Abstract:
Data mining is the process of knowledge discovery, attempts to discover useful information or patterns in large data repositories such as databases; that is why the data experts are interested in how data can be collected, stored, accessed and combined for the analysis to extract useful knowledge for the public including financial institutions and other sectors.
The Business Development Funds (BDF) aims to promote SMEs development through the provision of financial services to enhance the lending mechanism of financial institutions. As part of the financial infrastructure to promote SMEs, it was established with the objective of assisting SMEs to access finance with ease, particularly those without sufficient collateral to obtain credit from traditional financial institutions at reasonable rates. The BDF conducts a number of activities including guaranteeing loans for SMEs, and providing financial education services to SMEs in Rwanda. The SME sector, including formal and informal businesses, comprises 98% of the businesses in Rwanda and 41% of all private sector employment (Minicom, 2010; OECD, 2011).
In recent years, machine learning has become a popular field in big data analytics because of its success in learning complicated models. Methods such as decision tree, support vector machines, logistic regression and artificial neural networks can be used for recognizing patterns in the data (with a high degree of accuracy) that may not be apparent to human analysts, The reason why applications of data science using machine learning is important in such organisation and in all financial institutions.
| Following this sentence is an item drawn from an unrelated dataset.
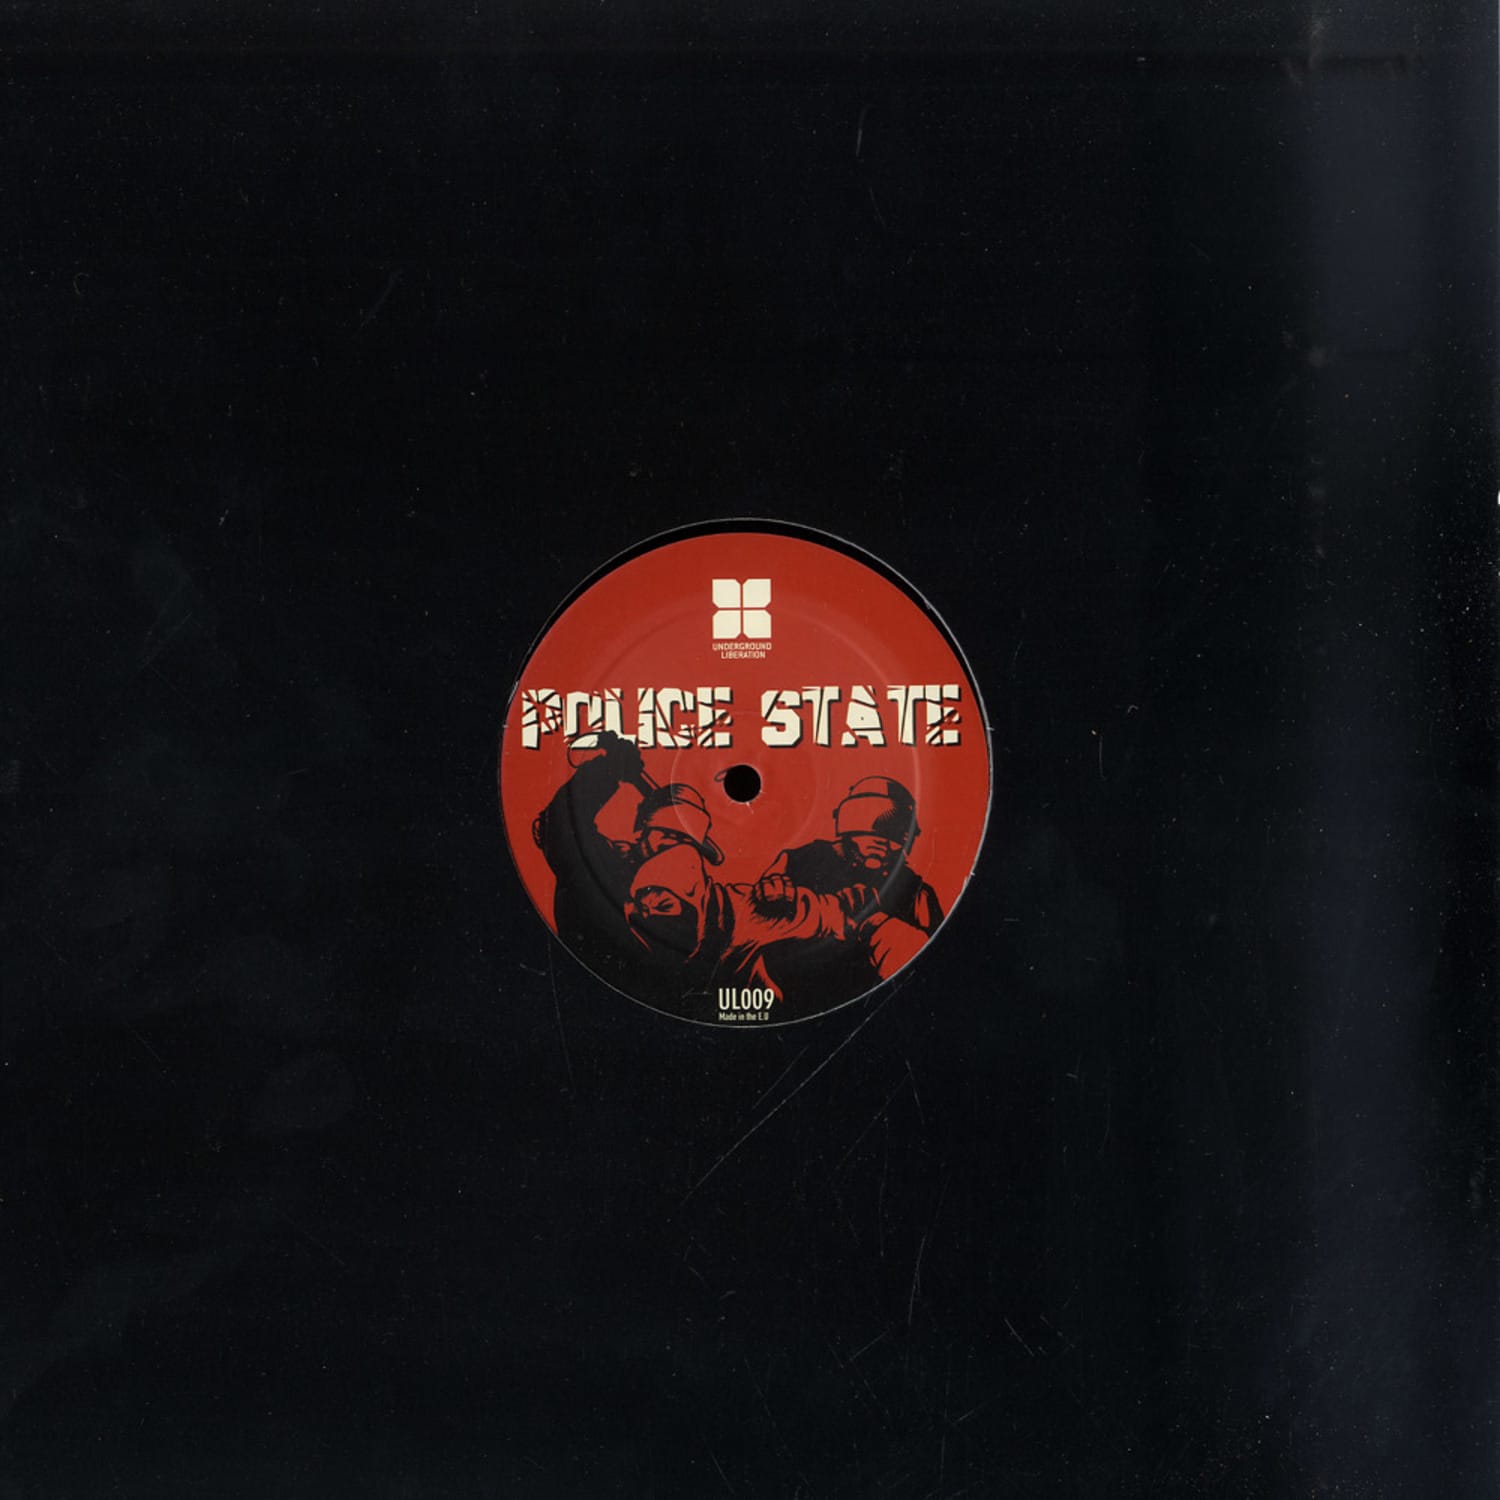 Paul Mac / Carlos Rios / Ritzi Lee - POLICE STATE EP

Due to the advanced technology associated with big data, data availability and computing power, most financial or lending institutions are renewing their business models. Loan predictions, monitoring, model reliability and effective loan processing are key to decision-making and transparency. In this research, we will visualize data and build binary classifiers based on machine and deep learning models on real data in predicting loan default probability. The important features from these models are selected and then used in the modeling process to test the stability of classifiers by comparing their performance on separate data. After analysis and visualization of data, we used different models like decision tree, random forest, logistic regression and artificial neural networks to
make a real comparison of good predictors in this case.